D9 Refer to the drawing at the end of this article. An analysis of the triangle having sides 5,7,8 will show that the angles have the following cosines, as described in (D4):
cos(C) = 1/2 sin(C) = (1/2)*√3
cos(B) = 1/7 sin(B) = (4/7)*√3
cos(A) = 11/14 sin(A) = (5/14)*√3
By laying out the isosceles triangle 7,7,2 with apex at A, the angle A is partitioned into two angles, U and V where:
cos(U) = 47/49 sin(U) = (8/49)*√3
cos(V) = 13/14 sin(V) = (3/14)*√3
Note that these are all Class 3 angles.
This can be checked by solving for cos(U+V) and finding that it equals 11/14.
It is also true that if an angle is partitioned into a smaller angle of the same Class, then the remaining angle is also the same Class. But this will not be proved here.

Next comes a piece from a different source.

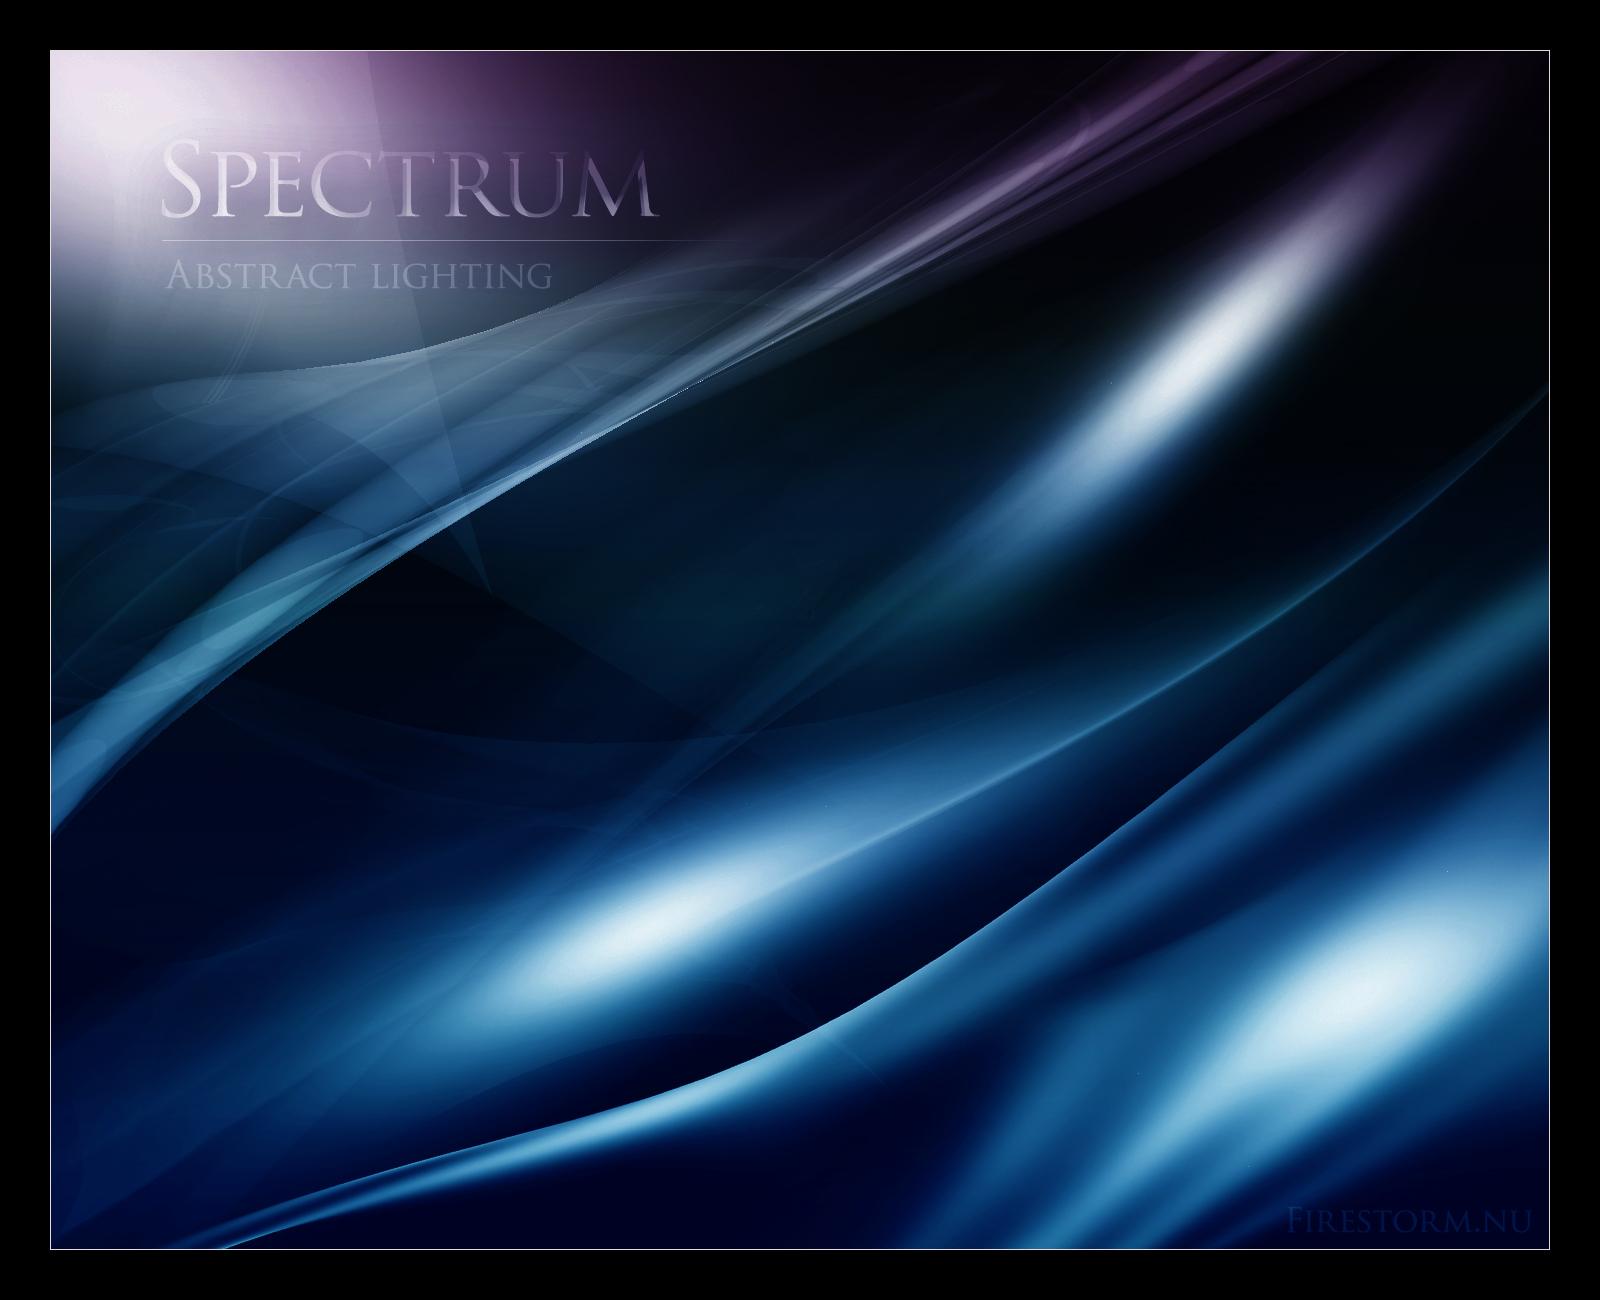 Spectrum by aleaja

T10 For any acute angle ‘C’ having a rational cosine, triangles with rational sides can be generated using two integer variables, M and N, where M and N have no common factors.
Here are the formulas for finding sides c, b, and a:
c = M² + N² +2MNcos(C)
b = 2M(Mcos(C) + N)
a = M² - N²
a’= (2Mcos(C) + N)² - M²
Using length “a” results in an obtuse angle B; Use a’ for acute angle B.
(See the drawing which shows the relation between the two lengths for 'a'.)

P10 The equations can be checked by substitution into the Law of Cosines:
c² = a² + b² - 2*a*b*cos(C).

D10 Notice that these equations also work when cos(C) = 0 (right angle). Also notice that, except for cos(C)=0, the solutions come in pairs, where only the length of 'a' differs between an obtuse and acute angle B.
If you use the value of cos(C)=.5, the formula gives the sides of scalene triangles that have angle C = 60 degrees.
See the end of this article for a diagram and for the derivation of these equations.

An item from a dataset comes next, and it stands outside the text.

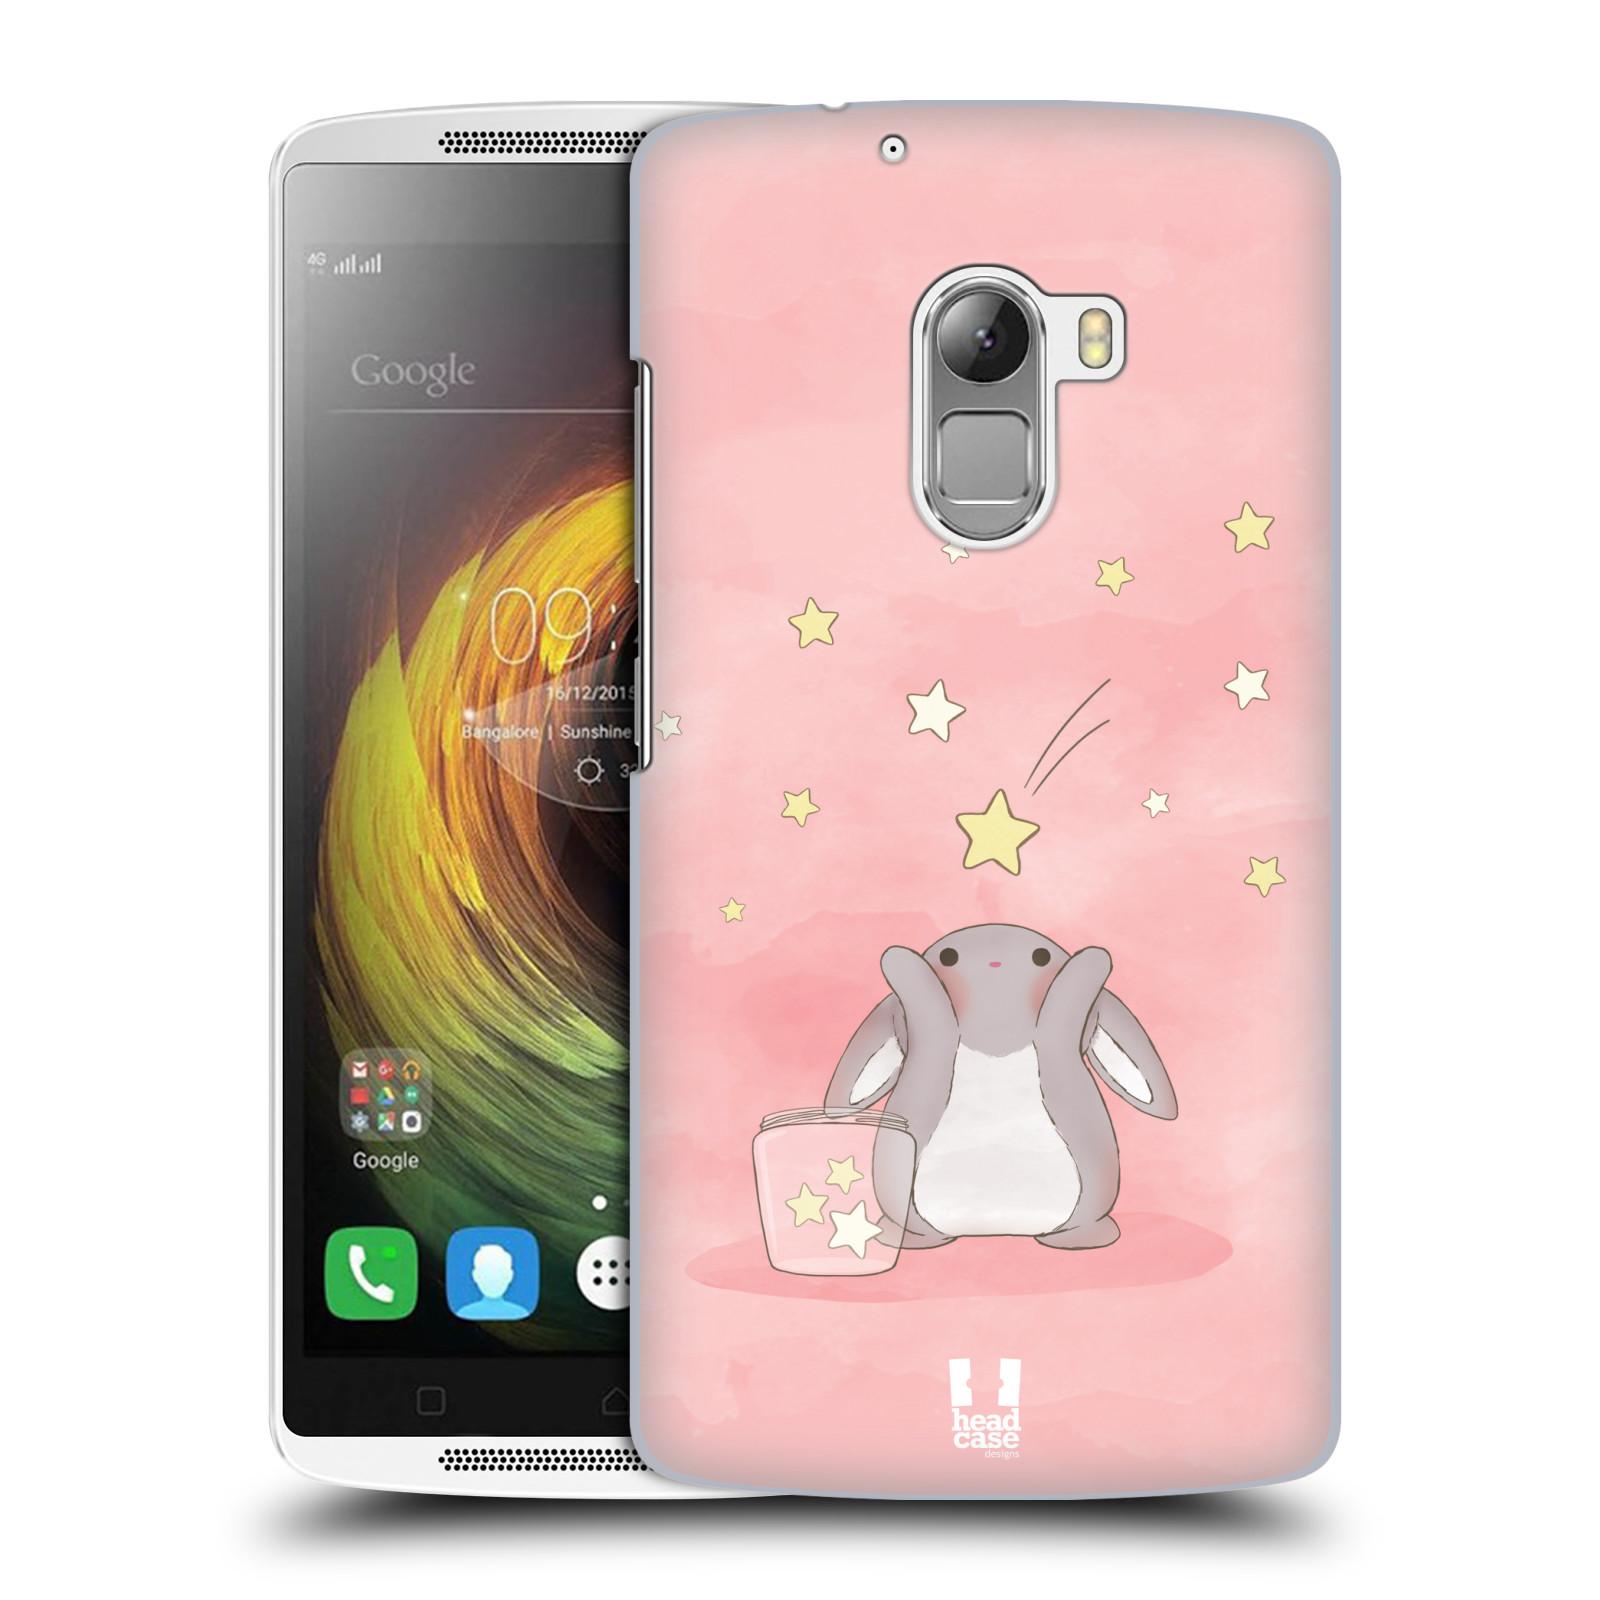 HEAD CASE pevný plastový obal na mobil LENOVO A7010 / A7010 DUAL / K4 Note / Vibe X3 lite vzor králíček a hvězdy růžová

T11 There are an infinite but countable number of Classes.

P11 For an arbitrary positive integer r, we show that there are rational cosines of Class 'r'.
By definition, a Class-r angle has √r as a factor in the sine. Consider angle 'A' whose cosine is rational. Since the cosine is less than or equal to 1 and both numerator and denominator are integers, we will define the denominator of the cosine as u + v where u and v are both integers > 0. Similarly, make the numerator = u - v.

Define:
cos(A) = (u-v) / (u+v) sin(A) = (n/(u+v))√r
so
cos²(A) = (u-v) ²/ (u+v)² sin²(A) = (n²r)/ (u+v)²
Using cos²(A) = 1 - sin²(A) we can determine that n²r = 4uv.
This shows that for every value of r, there is a u and v, and therefore a rational cosine!

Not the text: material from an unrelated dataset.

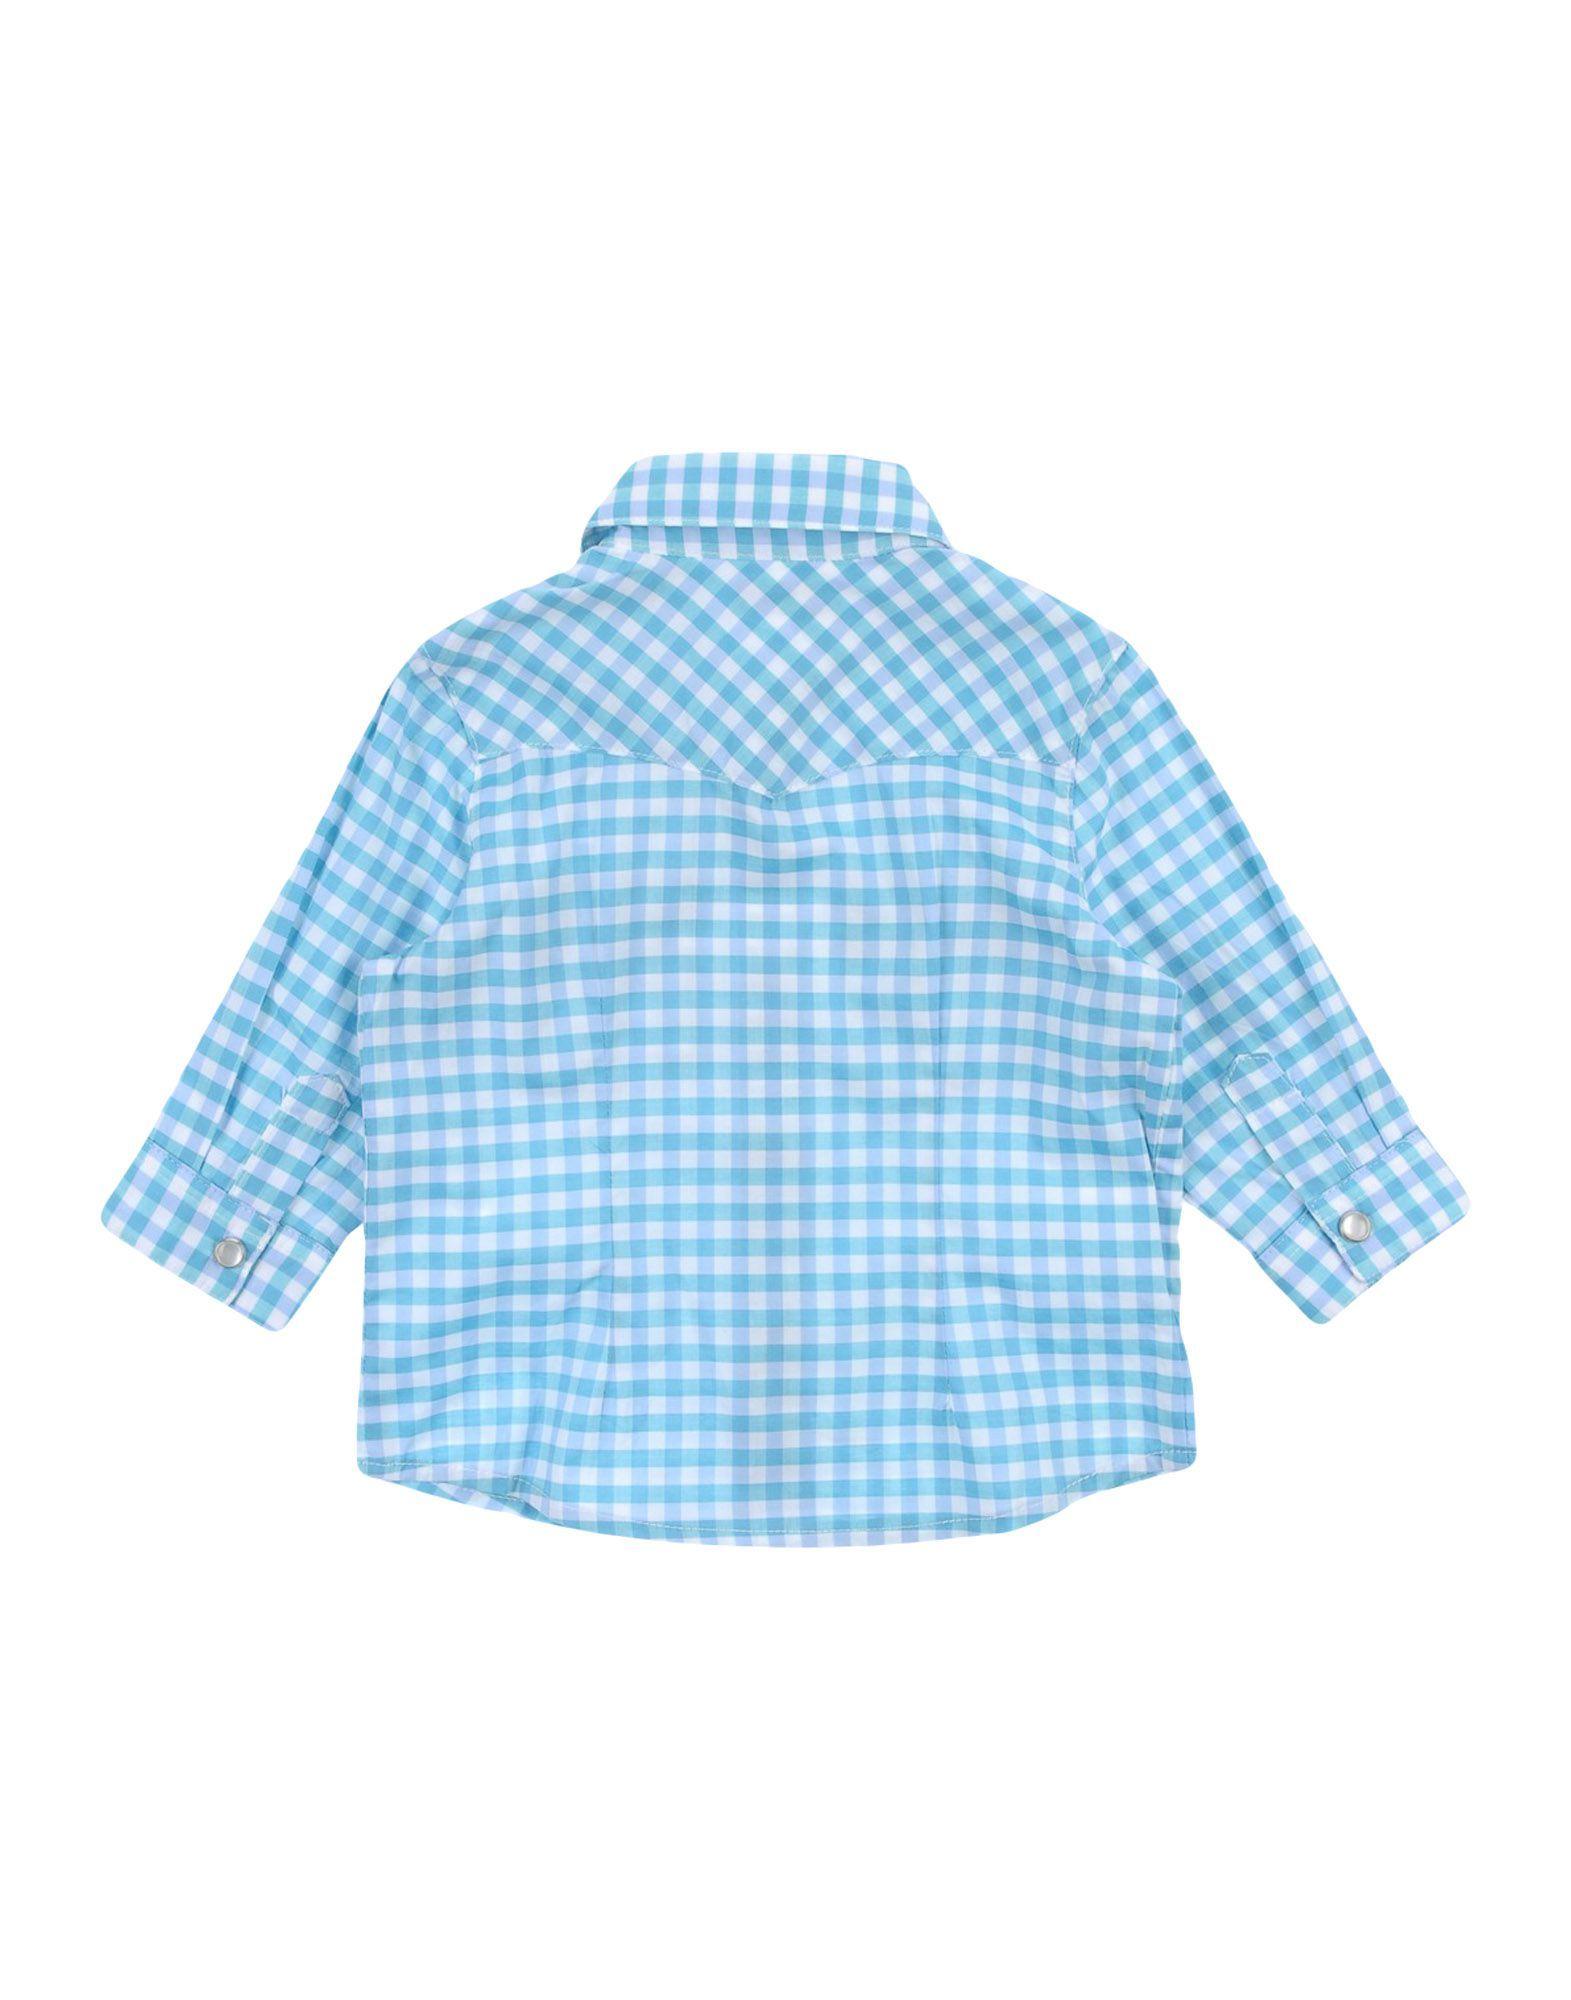 SHIRTS Grant Gar�on Baby Turquoise Boy Cotton

D11 For uniqueness, r should be restricted to numbers that contain no repeated factors. Here are some examples of solutions to the above equation:

r,u,v,n cos(A)
1,4,1,4 3/5
1,9,1,6 4/5
2,2,1,2 1/3
2,8,1,4 7/9
3,3,1,2 1/2
3,4,3,4 1/7
5,5,1,2 2/3
5,5,4,4 1/9
6,3,2,2 1/5
6,6,1,2 5/7
7,7,1,2 3/4

T12 Every Class contains an infinite but countable number of angles with rational cosines.

P12 To prove this, we need a more clever description of the numerator and denominator of the rational cosine.
Let: cos(C) = (M²r - N²)/(M²r + N²).
By using positive values for M,N,r and limiting M>N, we can generate any rational number for the cosine. A little math will show that this results in the value for the sine that we need:
sin(C) = (2MN√r)/(M²r + N²).
So by assigning a fixed value to 'r', all the ratios for cosines of Class r angles can be generated through the choice of integers M and N. There are an infinite but countable number of values for M and N and therefore there's an infinite number of angles in each Class!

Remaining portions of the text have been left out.